Abstract: Social media are often accused of creating hate and disinformation, as if they, outside of their contexts are agentic in creating social conditions for dehumanisation. Collectively some media misrepresentations and the interactions that cohere around them form what has come to be known as the sphere of online hate and disinformation. Unquestionably, these tendencies are implicated in and part of material practices of discrimination and violence against marginalised groups. In this lecture we ask: Which groups are singled out for most online hate and what characterises these interactions and choices? Are global tech platforms controlling hateful disinformation adequately through algorithms and AI-based moderation? And is hateful misinformation largely a matter of media illiterate publics or is something more systematic going on? Connecting half a decade of empirical research into the circulation of disinformation and misinformation about minoritised and racialised groups in countries as disparate as Brazil, India, Myanmar and the U.K. with histories of misogynist, colonial and caste violence, this lecture examines the intersectional politics of hate online through close textual analysis and interviews with those who encounter most hate online. The underlying political economic and ideological roots of this avalanche of violent disinformation must be understood and subjected to critical analysis in order to move towards equitable and sustainable futures in the social and representational fields.

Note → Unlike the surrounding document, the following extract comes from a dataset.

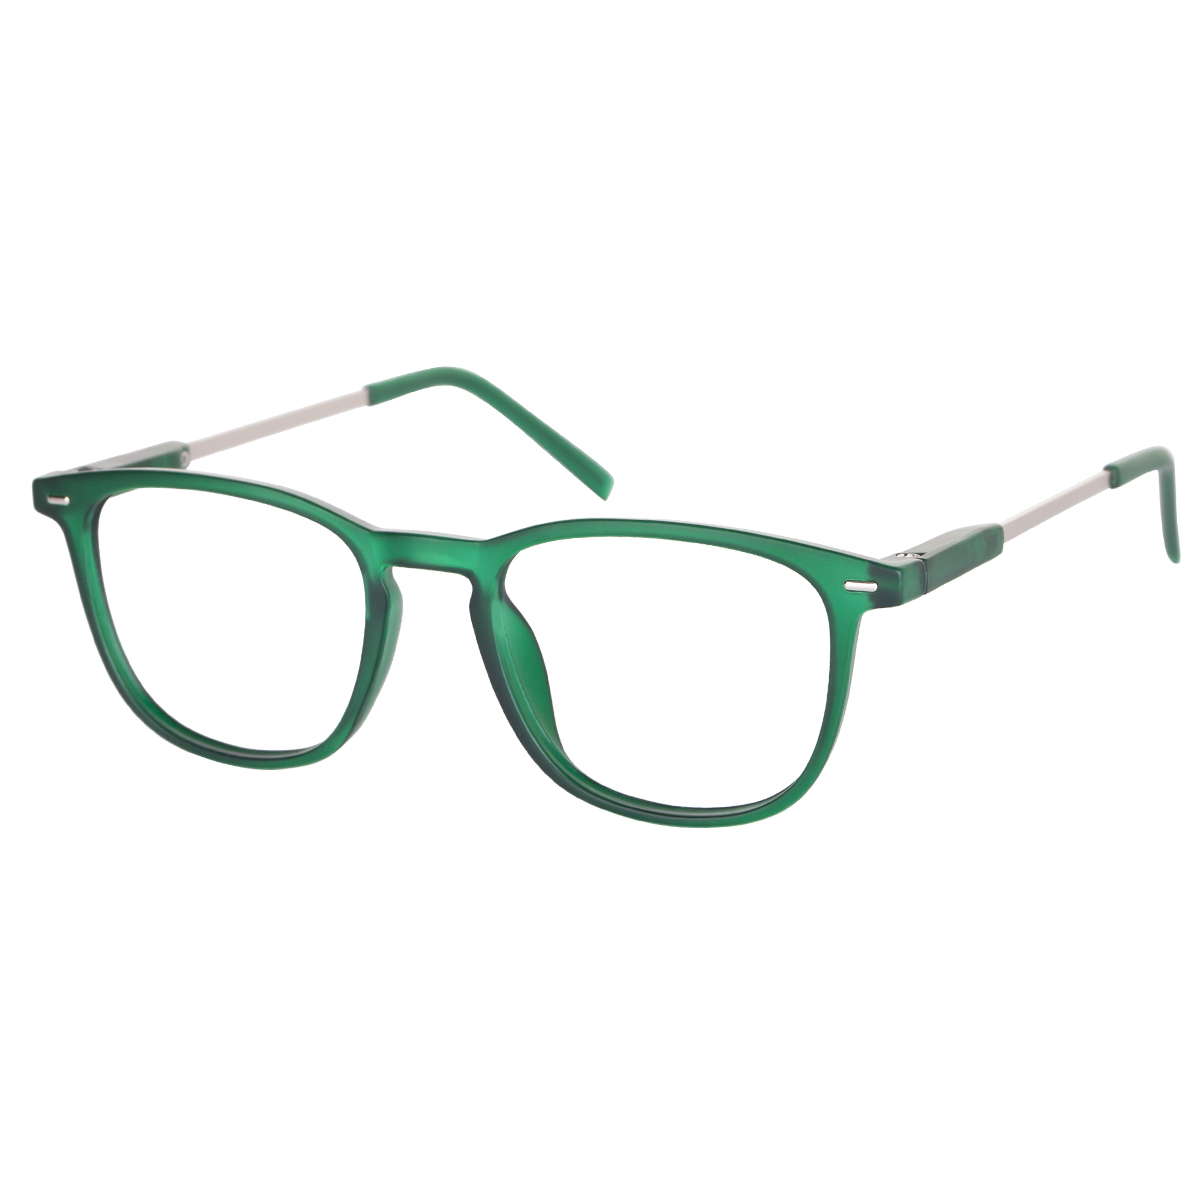 Rowan - Square Green Reading Glasses for Men & Women

Bio: Shakuntala Banaji, PhD, is Professor of Media, Culture and Social Change and Programme Director for the MSc in Media, Communication and Development in the Department of Media and Communications at the London School of Economics and Political Science. Professor Banaji’s research addresses the intersection between socio-political contexts, media, identities and participation. Her focus is twofold: first on the lives of children and young people in different geographical and class contexts, with a critical take on the ways in which rhetorical conceptions of citizenship, development, engagement and digital media construct the notion of agency, and position child and youth subjectivities. This work is currently tracing children and young people’s responses to climate crisis and disinformation worldwide. And second, on the ways in which historical propaganda and current misinformation, disinformation and hate speech are reconfiguring the public spheres of India, the UK and other nations. She has been teaching for 30 years, winning numerous awards including the fourth European Award for Excellence in Teaching in the Social Sciences and Humanities, and the Diener Prize, awarded by Central European University, Budapest, Hungary. Professor Banaji is the author, co-author or editor of 6 books and over 70 papers and monographs, including Children and Media in India (Routledge, 2017) and Youth Active Citizenship in Europe (Palgrave 2020). Her book Social Media and Hate with Ram Bhat (Routledge, 2022) theorises the social and psychological repercussions of the landscape of disinformation and trolling in the U.K., India, Brazil and Myanmar with particular attention to the connections between contemporary and historical racism, discrimination, marginalisation and violence.